-- HOW TO COMPLETE THIS TASK --
The required answer is the data below, restated word for word with images omitted.

-- DATA EXCERPT --
-- Opening Marker --

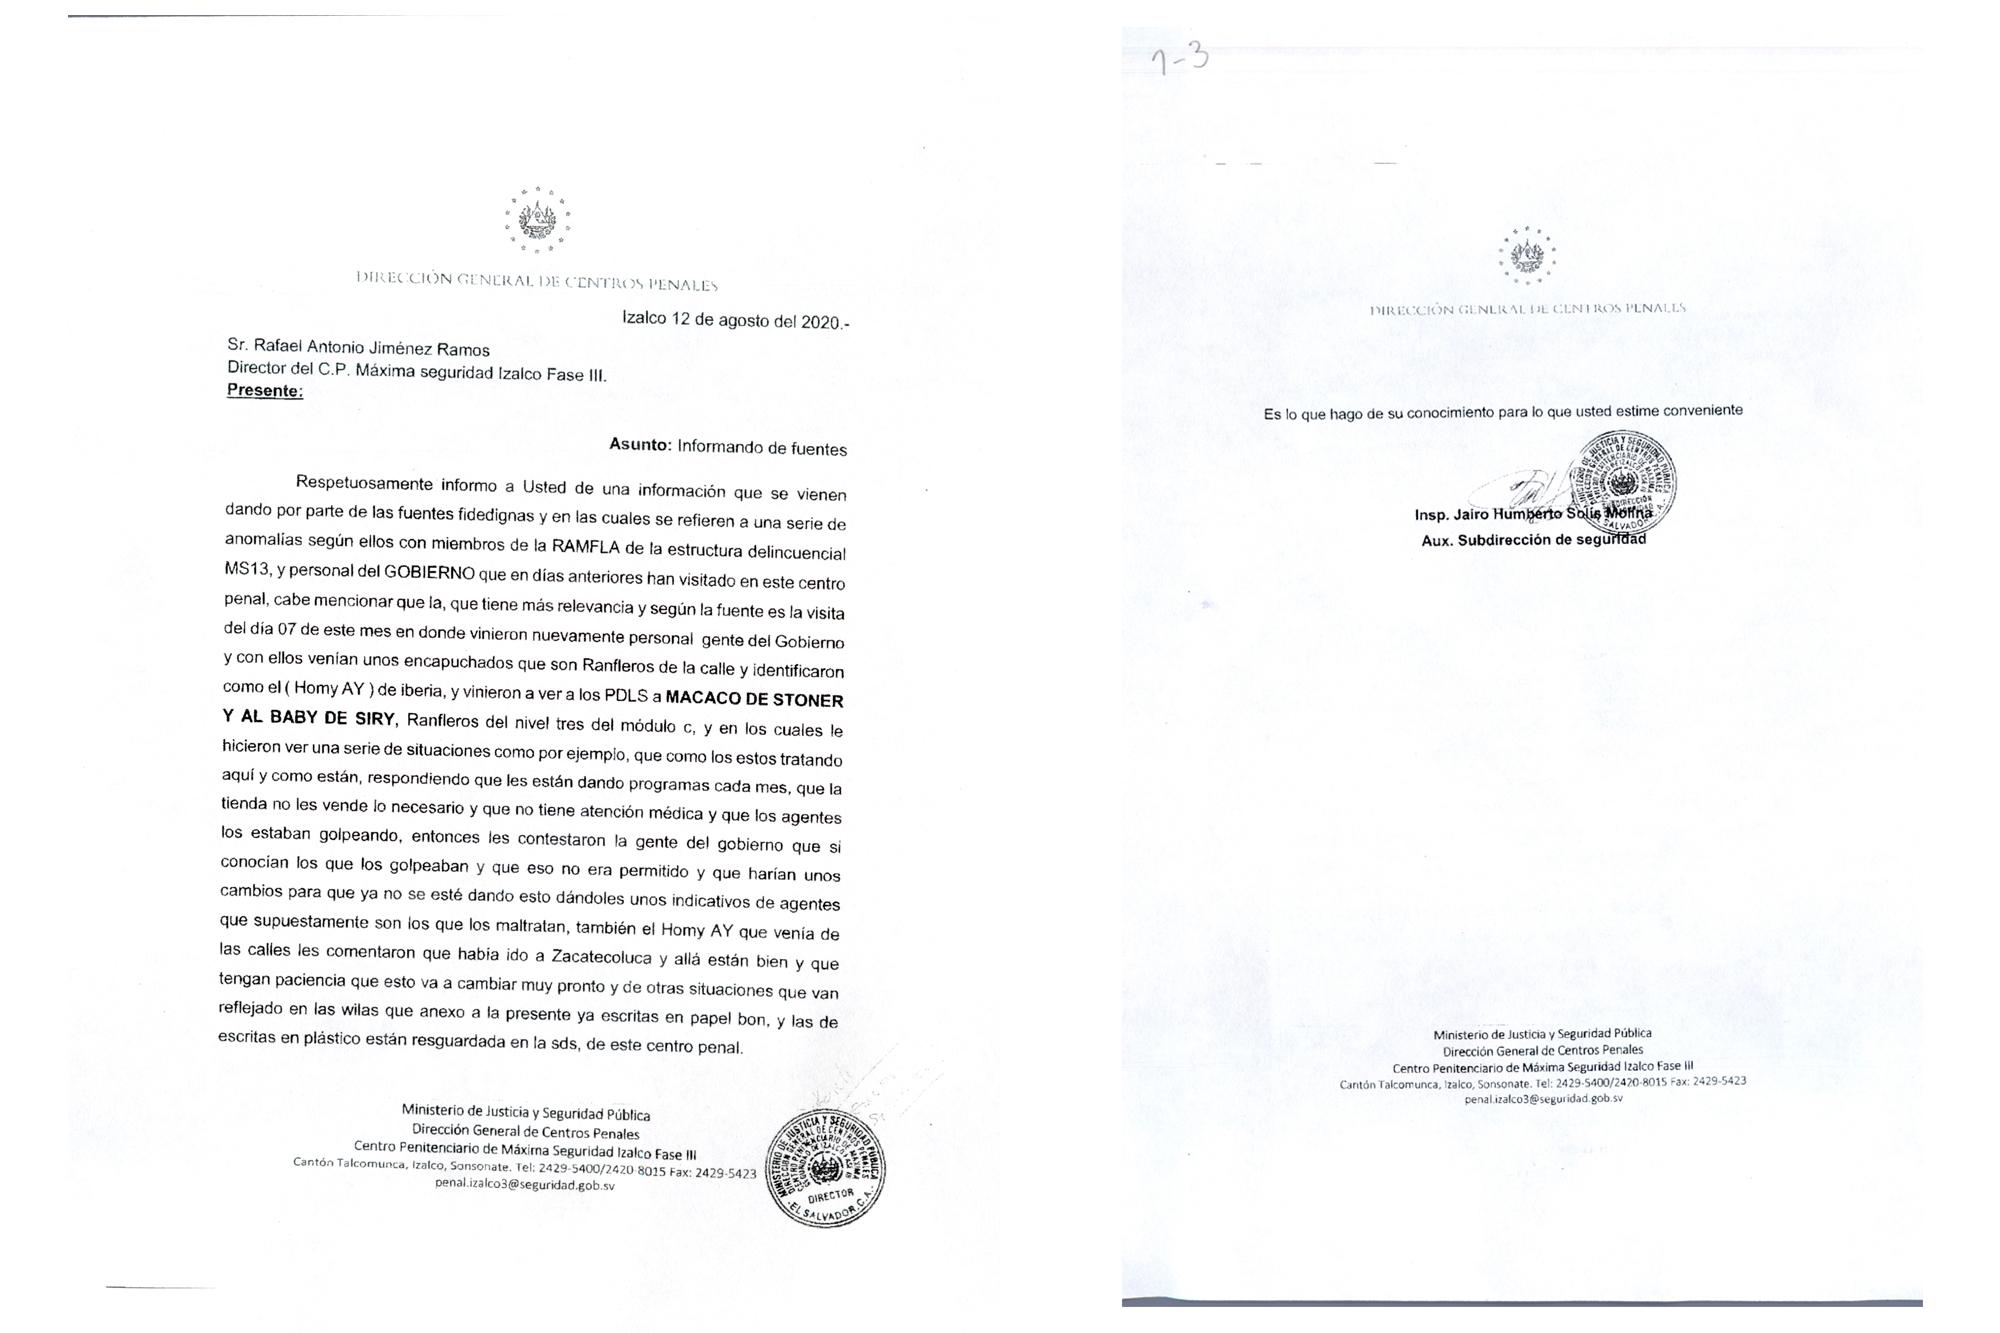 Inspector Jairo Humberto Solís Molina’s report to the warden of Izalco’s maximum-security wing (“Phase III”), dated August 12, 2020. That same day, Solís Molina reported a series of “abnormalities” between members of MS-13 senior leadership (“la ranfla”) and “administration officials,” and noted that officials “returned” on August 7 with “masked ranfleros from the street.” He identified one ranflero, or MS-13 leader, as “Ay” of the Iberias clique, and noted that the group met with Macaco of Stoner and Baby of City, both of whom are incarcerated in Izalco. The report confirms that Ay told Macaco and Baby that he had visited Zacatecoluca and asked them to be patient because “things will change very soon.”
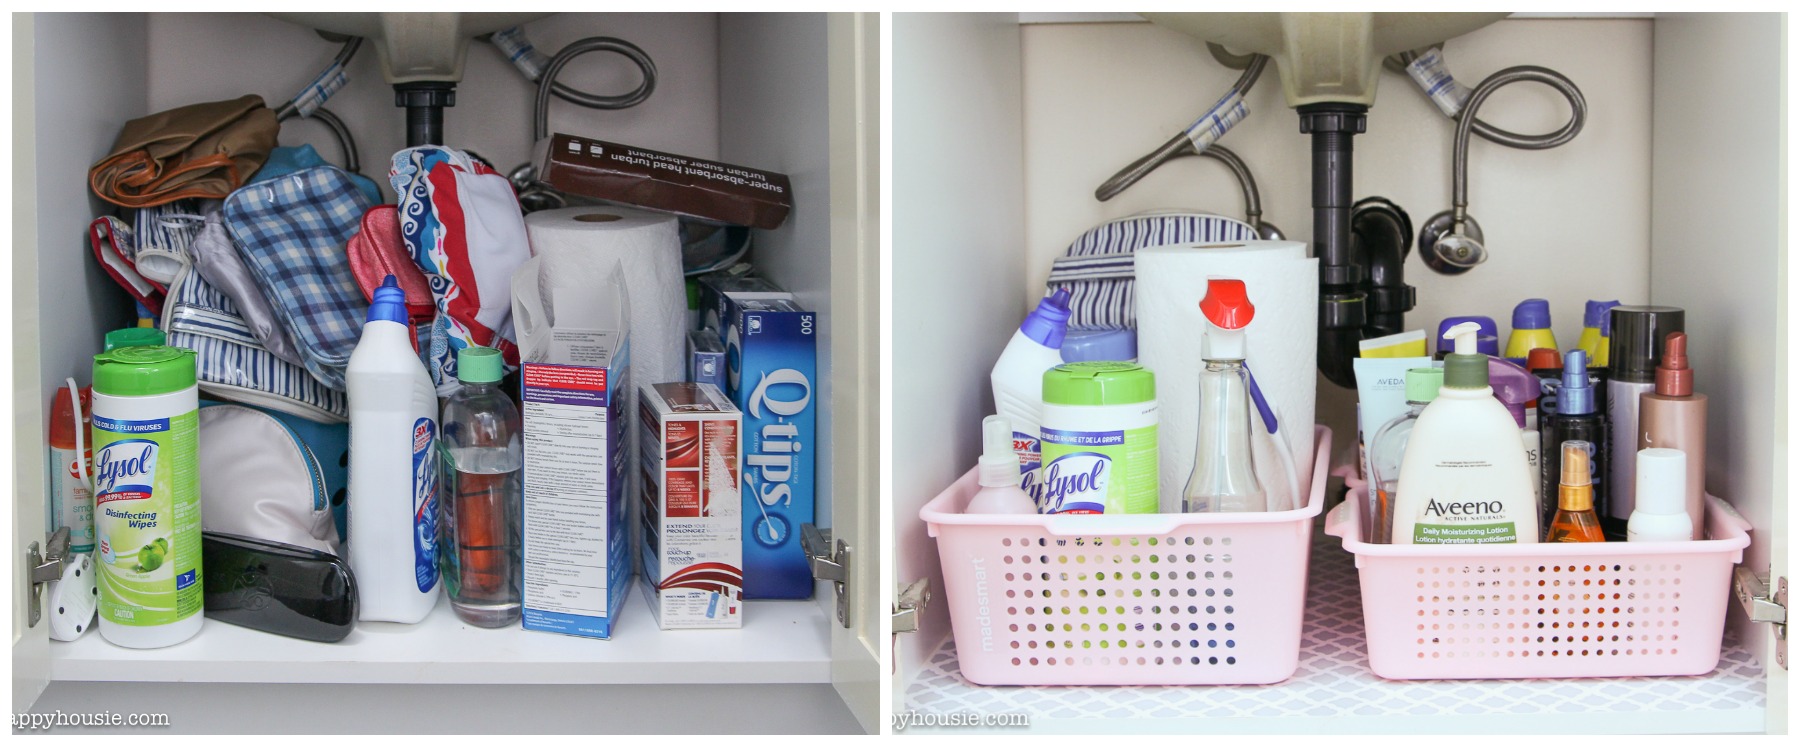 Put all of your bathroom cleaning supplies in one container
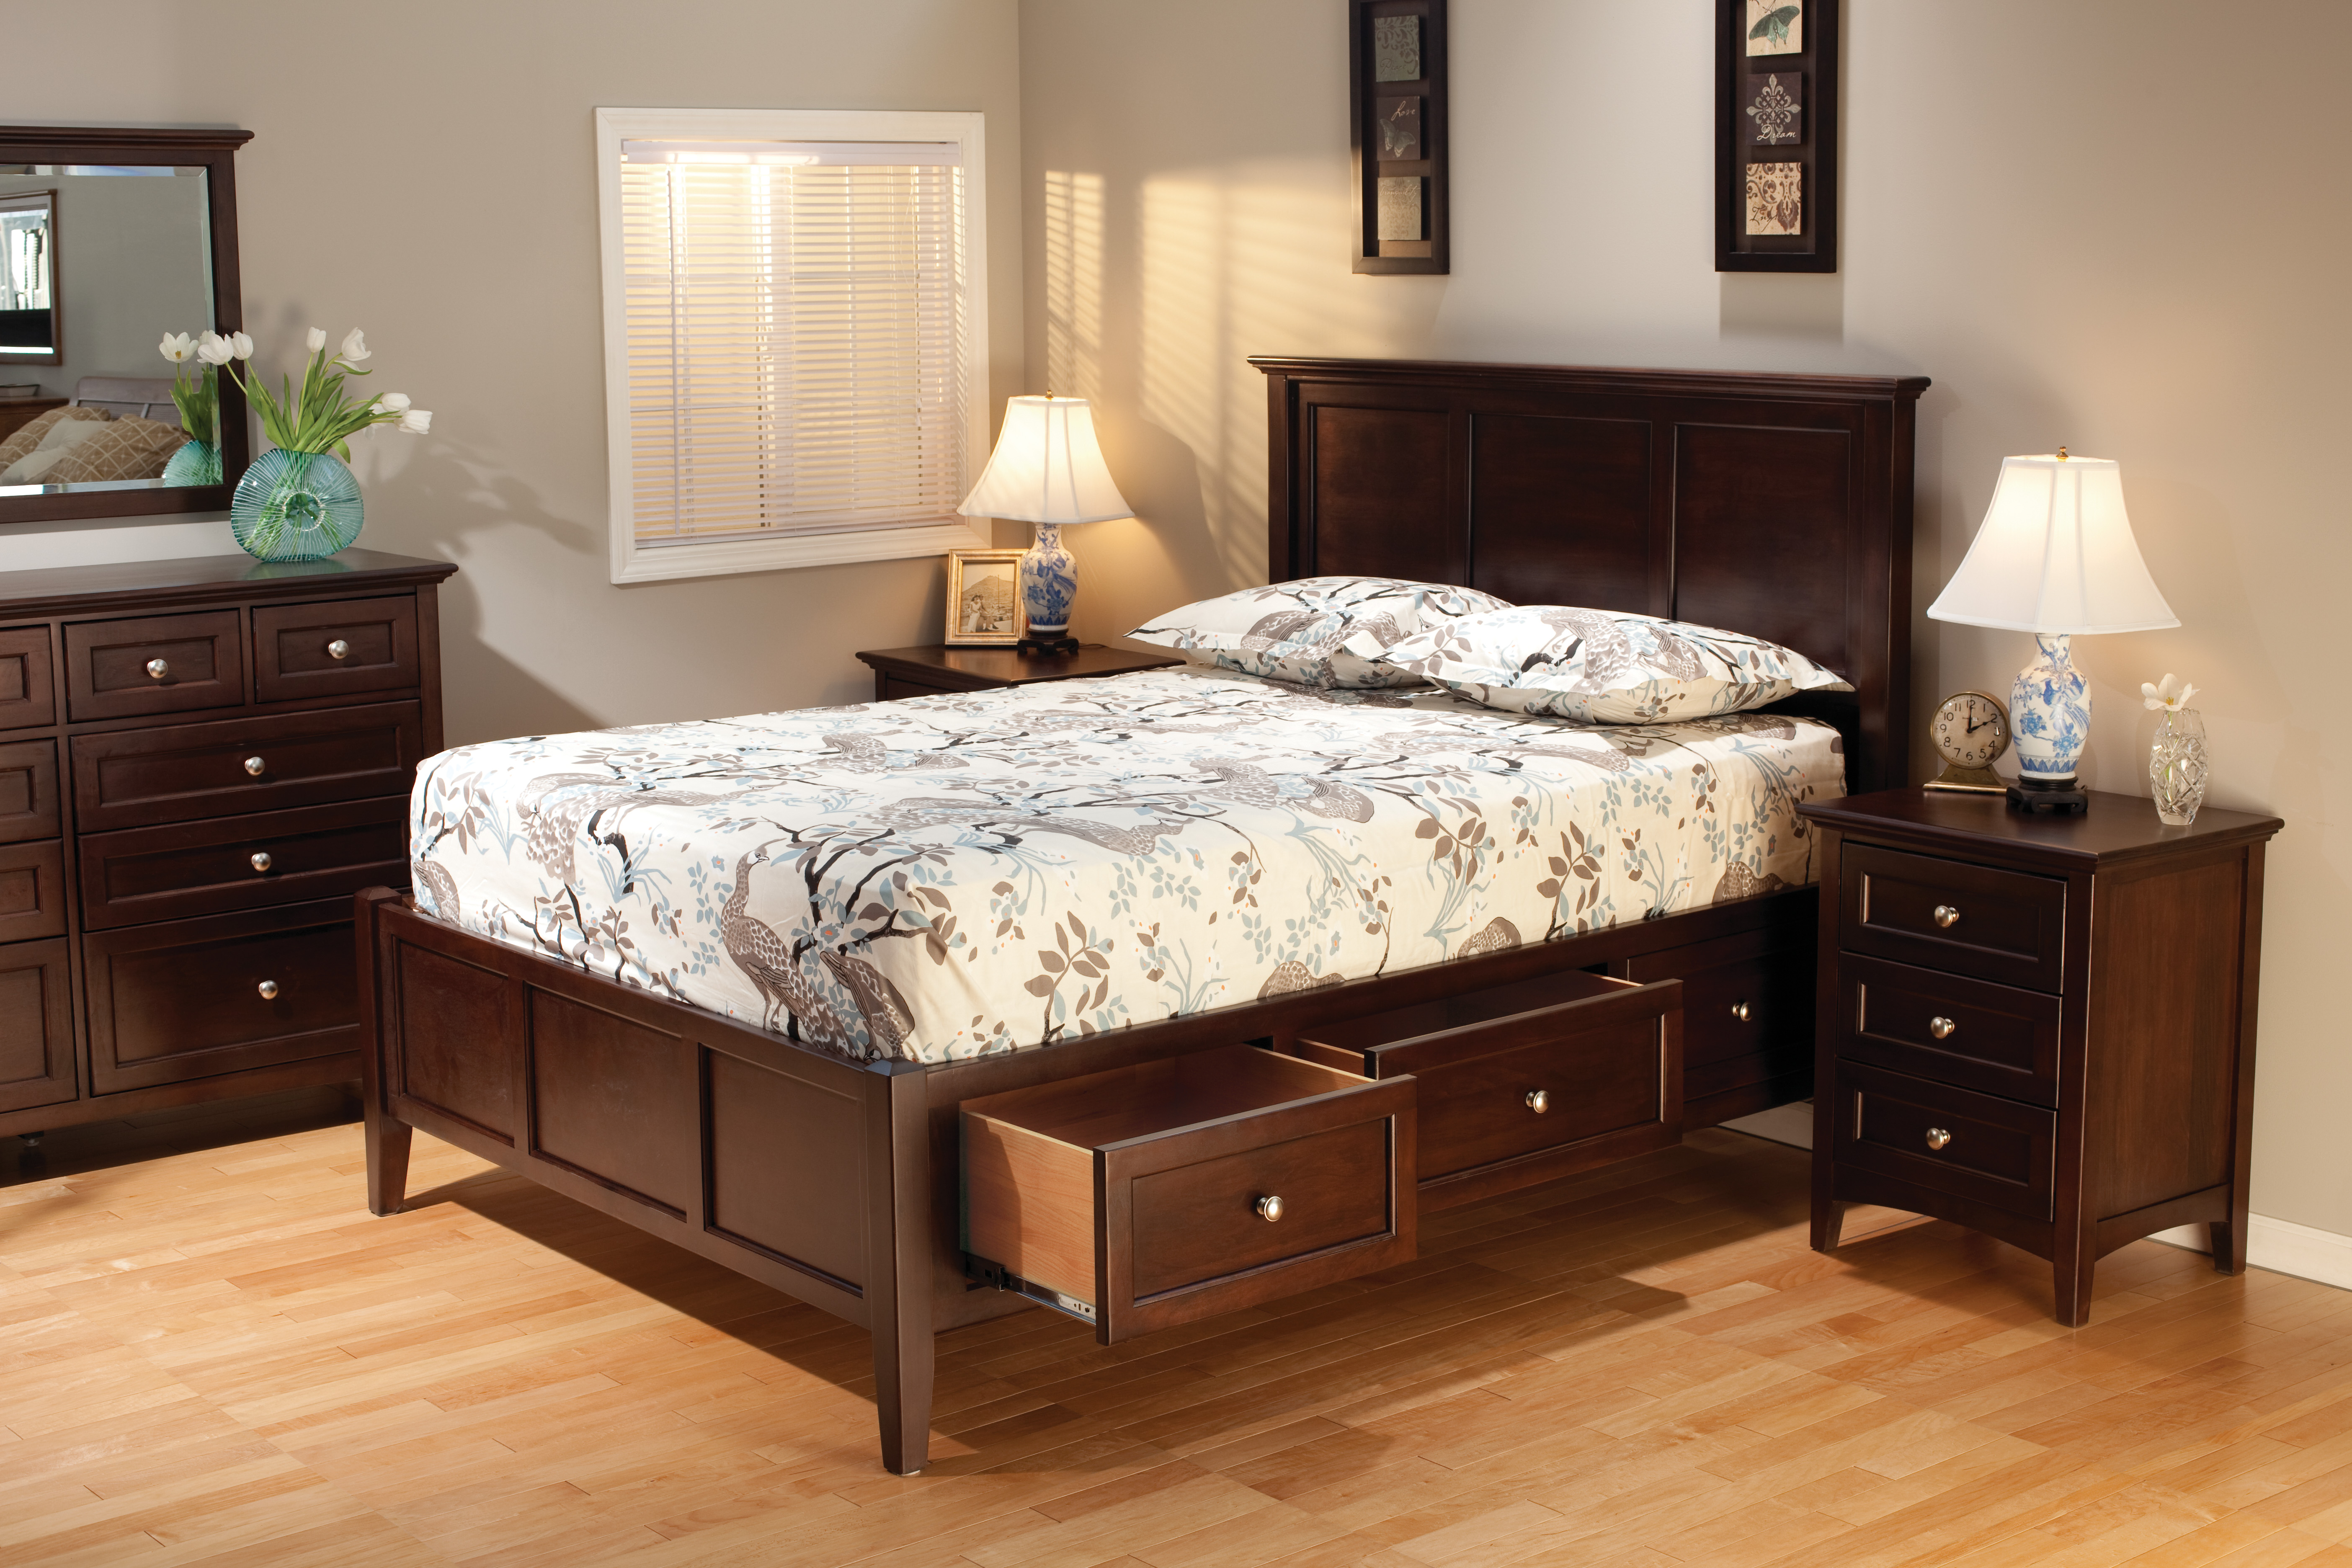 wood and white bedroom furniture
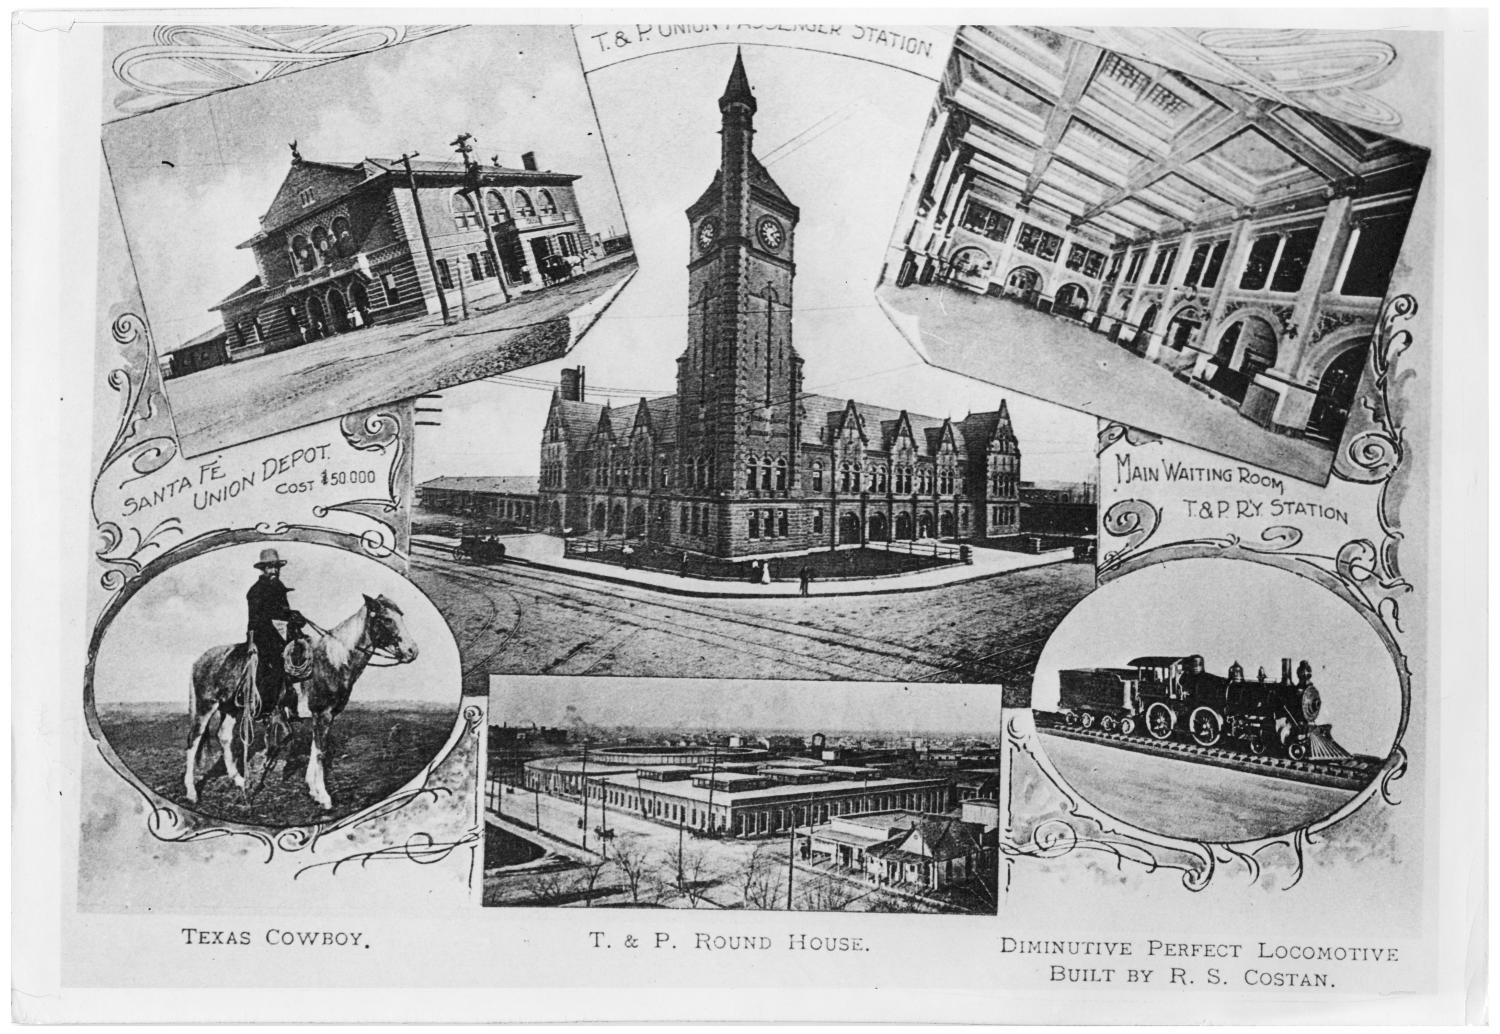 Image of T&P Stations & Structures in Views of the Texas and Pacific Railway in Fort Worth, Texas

-- Closing Marker --

-- EXERCISE SOLUTION --
 Inspector Jairo Humberto Solís Molina’s report to the warden of Izalco’s maximum-security wing (“Phase III”), dated August 12, 2020. That same day, Solís Molina reported a series of “abnormalities” between members of MS-13 senior leadership (“la ranfla”) and “administration officials,” and noted that officials “returned” on August 7 with “masked ranfleros from the street.” He identified one ranflero, or MS-13 leader, as “Ay” of the Iberias clique, and noted that the group met with Macaco of Stoner and Baby of City, both of whom are incarcerated in Izalco. The report confirms that Ay told Macaco and Baby that he had visited Zacatecoluca and asked them to be patient because “things will change very soon.”
 Put all of your bathroom cleaning supplies in one container
 wood and white bedroom furniture
 Image of T&P Stations & Structures in Views of the Texas and Pacific Railway in Fort Worth, Texas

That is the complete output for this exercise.